Follansbee, Corley, and others in the field are closely watching the changing technology. Originally the software could understand one word at a time. Now it allows students to speak—and be understood—continuously or roughly at the rate of normal conversation. “As the technology leaps ahead, the functionality of the older products is lost,” he says. “That’s a problem for some kids” who were thriving while using the “old” technology. Many students need more supports and need software that isn’t lightening fast, he says. For some students, they need to move slowly and have opportunities to make corrections word by word. “It’s a bit of a balancing act” to make sure the students and the technology are a good match, he says.

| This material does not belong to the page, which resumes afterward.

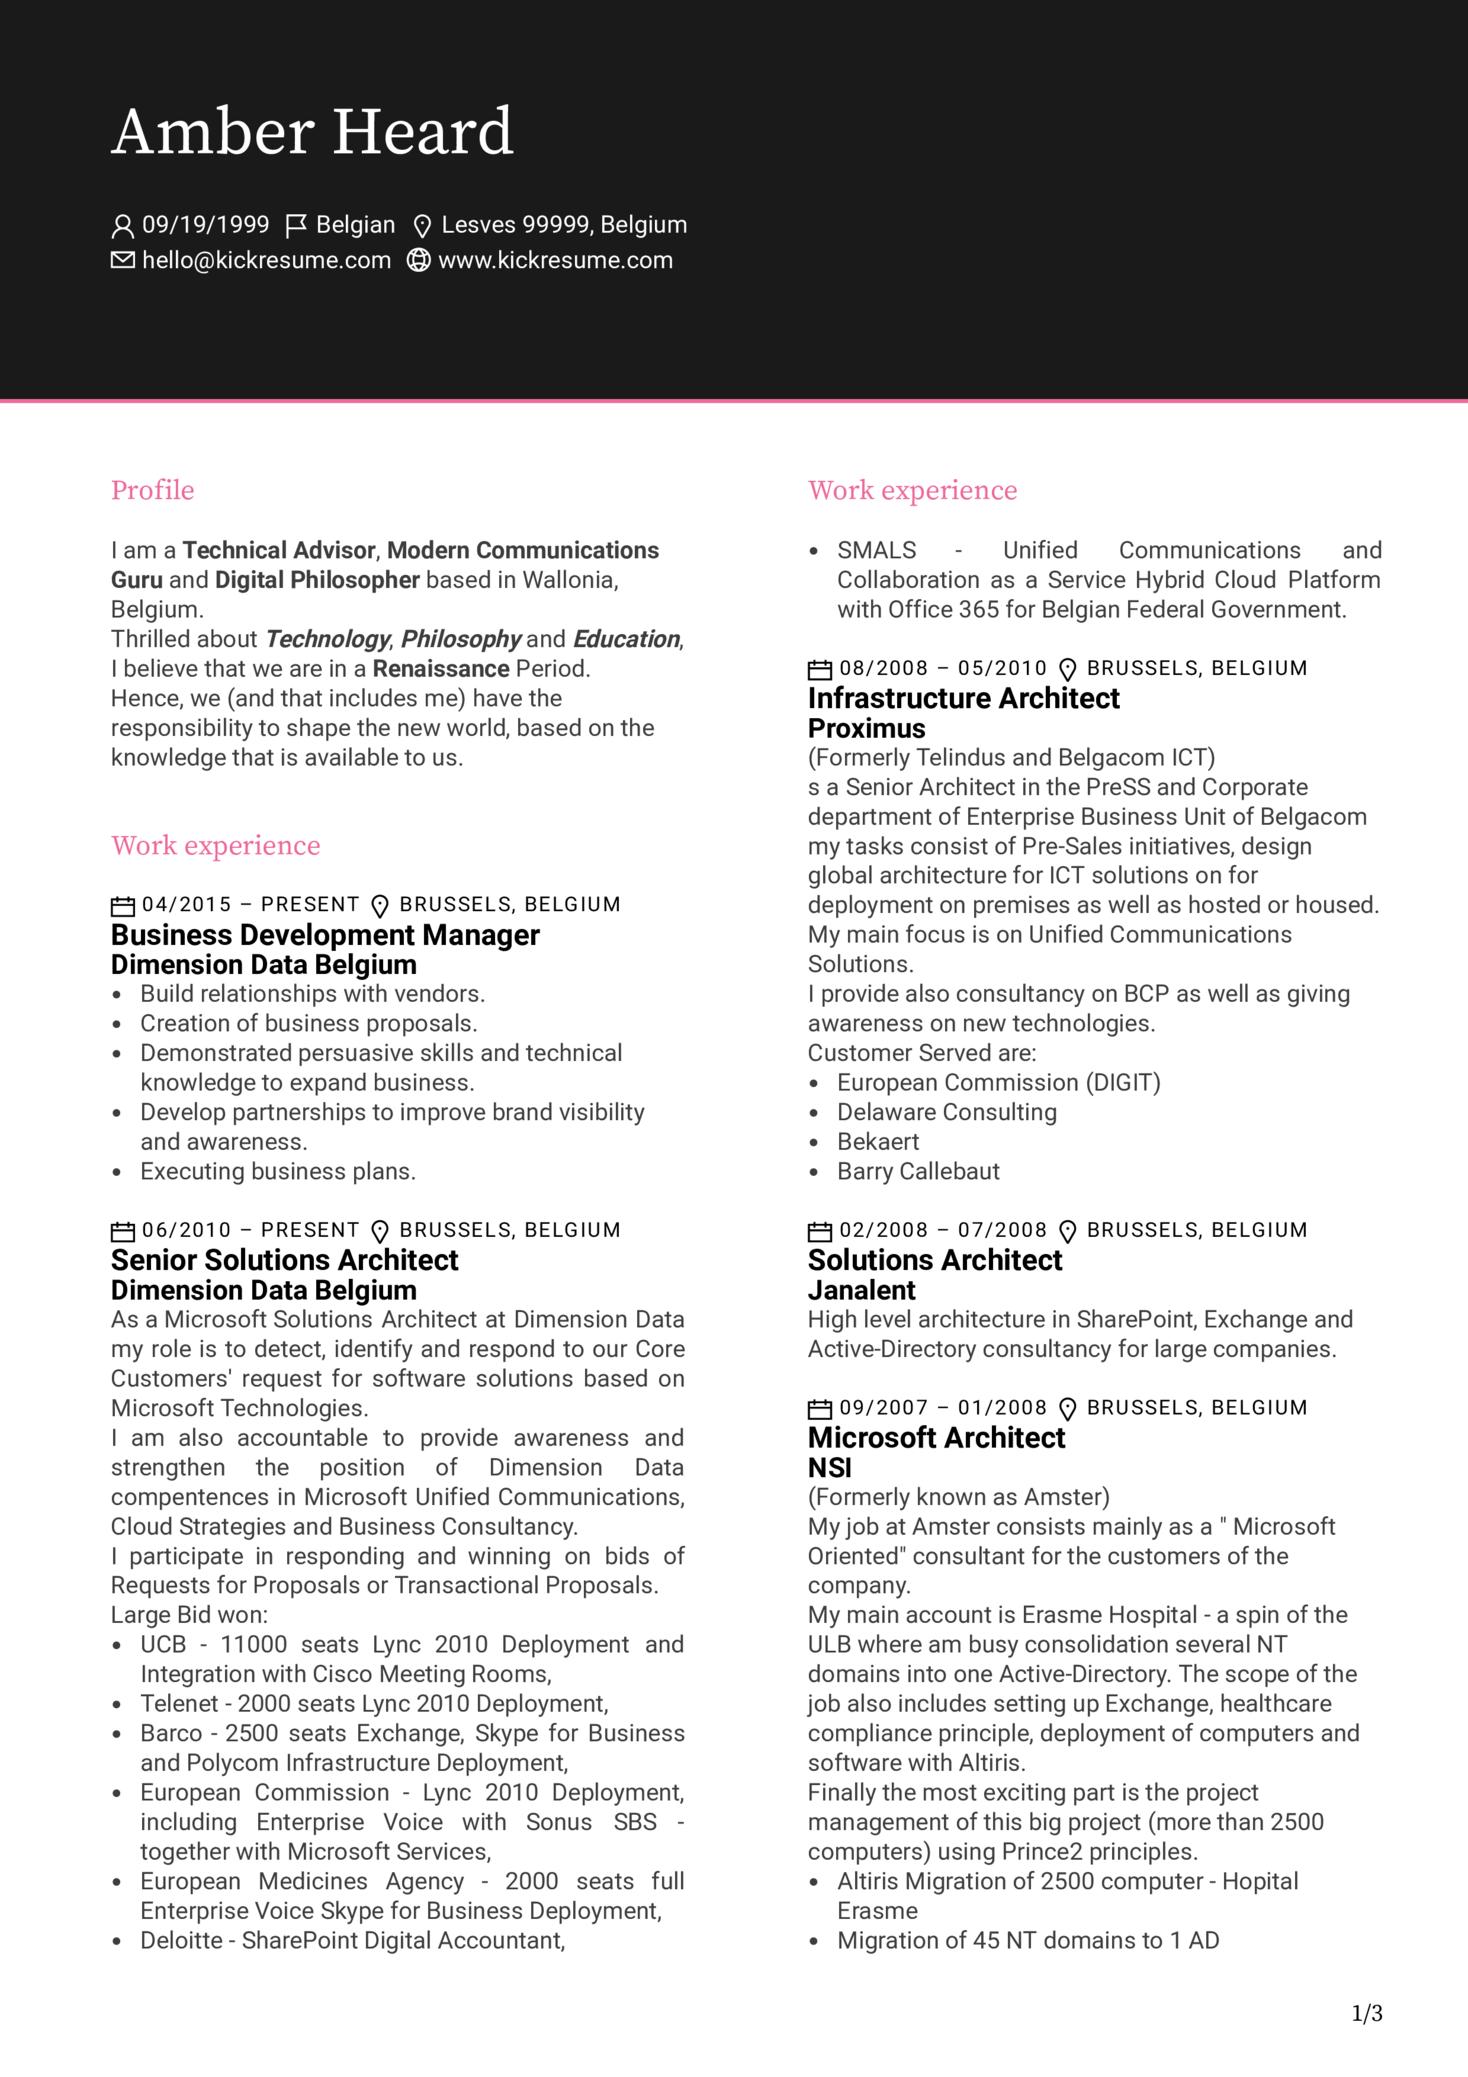 Experienced Business Development Manager CV Sample (Part 1)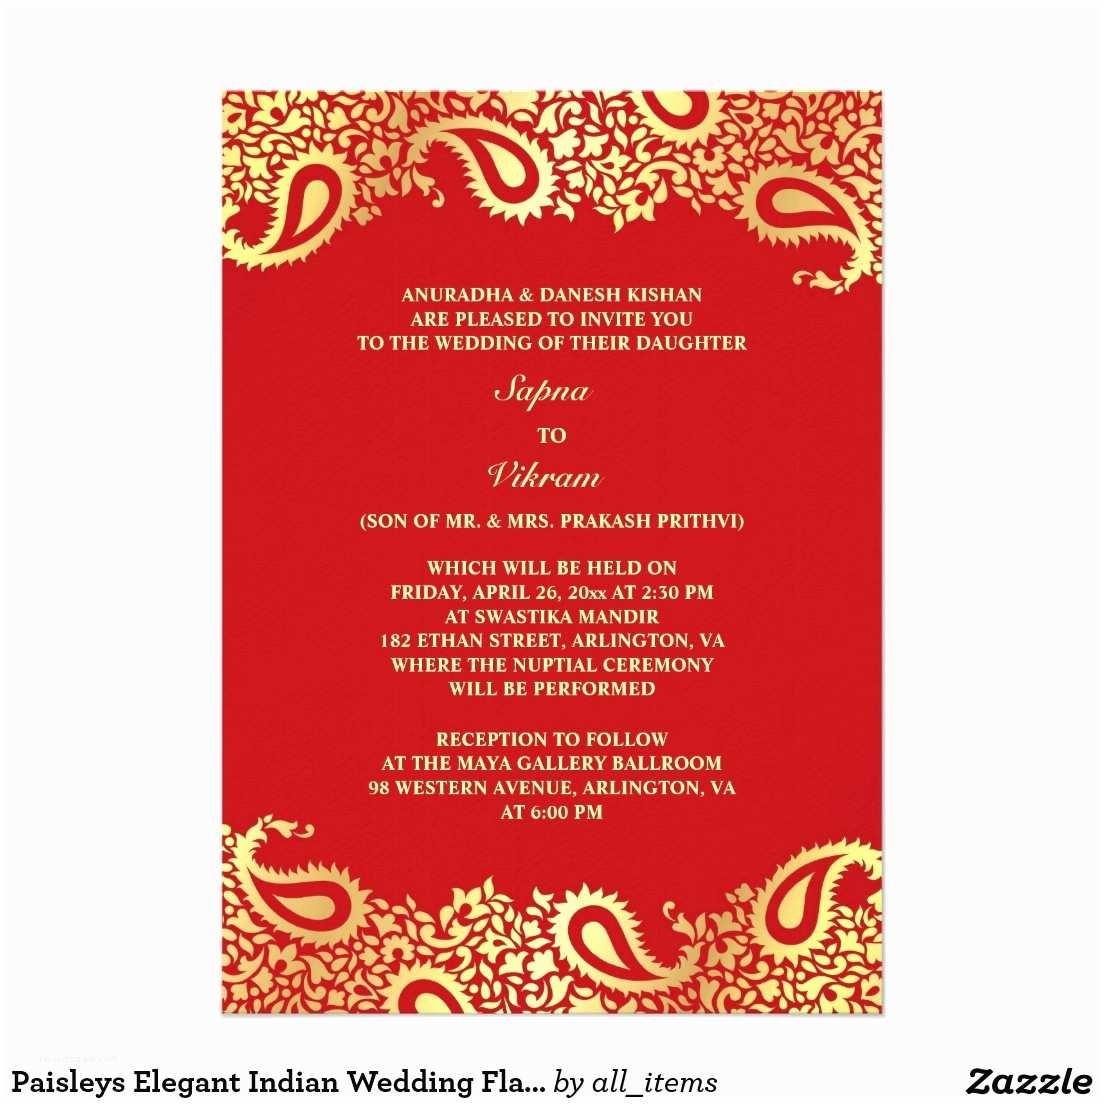 Wedding Invitation Styles Create Indian Wedding Invitations Designs Ideas

The Speaking to Write project is located in EDC’s Center for Family, School, and Community and funded by NIDRR in the U.S. Department of Education. The project was developed in collaboration with the Communication Enhancement Center at Children’s Hospital, Boston and features:
- Adaptations to leading speech recognition programs that will make them more accessible to secondary students with physical and/or learning disabilities
- Tools for educators and parents to help them understand and address the demands of speech recognition for secondary students
- Revised training protocols and materials that are tailored to the needs of students with disabilities
- Tools for educators and parents that help them integrate speech recognition technology into meaningful instructional activities across the curriculum
EDC’s Prize-Winning Website
There are students like Sara at almost any school. To promote understanding and use of recognition technology, EDC staffers have produced a prizewinning website that introduces visitors to speech recognition technology, offers group discussions, helps users deal with school-related issues, and links visitors to related websites and resources. The site has won two prestigious honors and received an “upgrade” on a previously announced honor:
- The site earned semifinalist status in the education category of the 4th annual GII Awards. The award recognizes achievement in 10 categories central to the way people live, work and play: Arts and Culture, Children, Commerce, Community, Education, Entertainment, Government, Health, Netpreneur, and News and Media. The GII awards were presented by Ziff-Davis at its Nextravaganza conference featuring Internet experts, visionaries, and celebrities. The GII Awards program is a private-sector initiative sponsored by leading corporations, organizations, publishers and government agencies. Vice President Al Gore has described the awards program as “…an innovation that is important to our future.”
- Spk2wrt also received the Editor’s Choice Award of the Awesome Library, a collection of the top five percent of sites in the field of K-12 education. The Awesome Library is sponsored by Education and Development Institute in Oregon.
- The site received an “A” from Education World following improvements on the site (following a previously earned a “B”).
Jen Minotti, EDC’s technical and research specialist who developed the site and its graphics, says that the site receives as many as 28,000 visitors a month. “I was just amazed,” she said. “We’re one of the few Web sites where you can go to learn about speech recognition.” The site also features a mail-list discussion that is very popular, engaging more than 300 regular subscribers and about 120 who receive a weekly digest of the information. An average of a half dozen questions are posed every day, and Follansbee facilitates discussion. Follansbee and co-project director Patricia Corley hope the project will be funded to continue that aspect of the Web site, as well as offer an online course for students.